Kurdish and Arab fighters took to the streets to celebrate the end of the battle they have fought for four months, parading around the deserted, destroyed city, according to photographs posted on social media. One showed the offensive’s commander, Rojda Felat, waving a large yellow-and-red SDF flag in Naim Square, where the Islamic State carried out its beheadings. finally rid of this
By the time the battle was over, Raqqa had lost all strategic significance to the group that had once used the city to showcase its brutality and plot attacks against the West. The fall of the Iraqi city of Mosul in July and the loss of large areas of territory in east Syria to Syrian government forces leave the militants in control of only one sizeable stretch of territory, spanning the Iraqi-Syrian border.
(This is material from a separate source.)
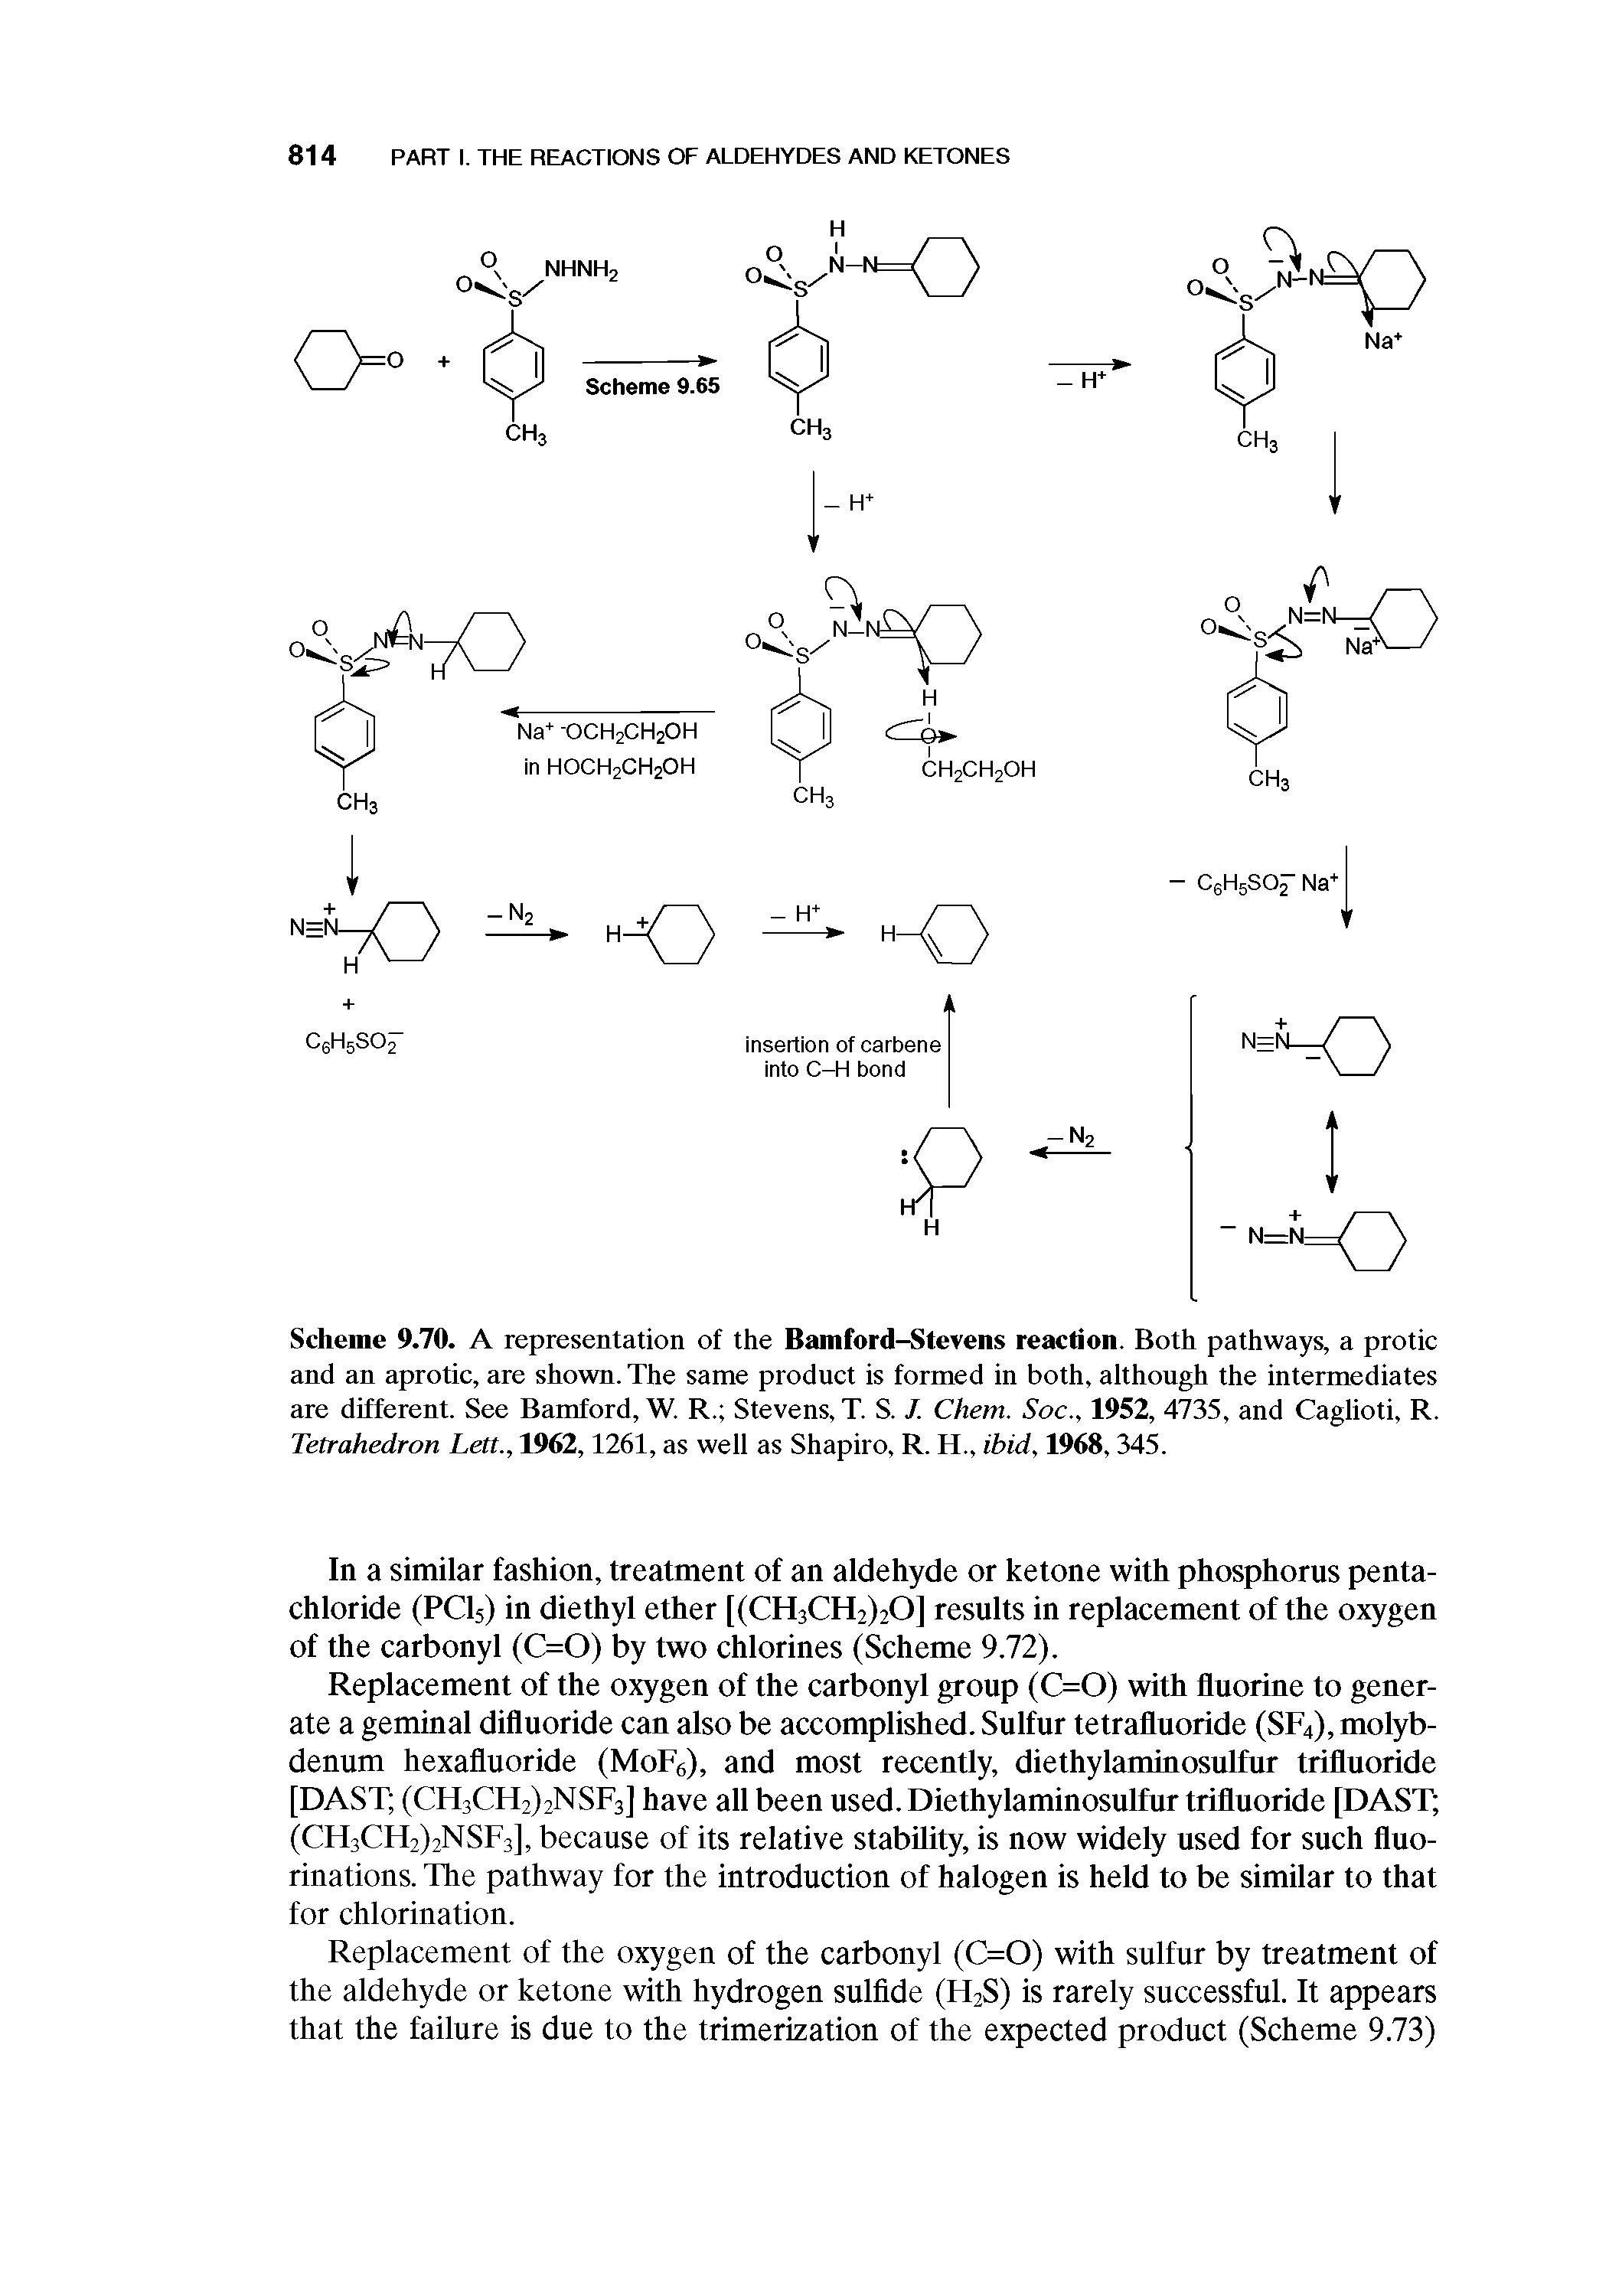 Scheme 9.70. A representation of the Bamford-Stevens reaction. Both pathways, a protic and an aprotic, are shown. The same product is formed in both, althongh the intermediates are different. See Bamford, W. R. Stevens, T. S. /. Chem. Soc., 1952, 4735, and Caglioti, R. Tetrahedron Lett., 1962,1261, as well as Shapiro, R. H., ibid, 1968,345.

But the capture of Raqqa by the SDF, backed by US airstrikes and American advisers on the ground, nonetheless marks a milestone in the US-led war against the Islamic State.
In Washington, a US military spokesman, Colonel Ryan Dillon, called it ‘‘momentous’’. He said Islamic State has now lost 87 per cent of the territory it once controlled and that 6500 fighters remain, out of tens of thousands at the peak of its prowess.
The victory also intensifies growing questions about what comes next. The remaining Islamic State strongholds in Syria lie to the south in the province of Deir al-Zour, where the Syrian government and its Iranianbacked and Russian allies are making fast progress.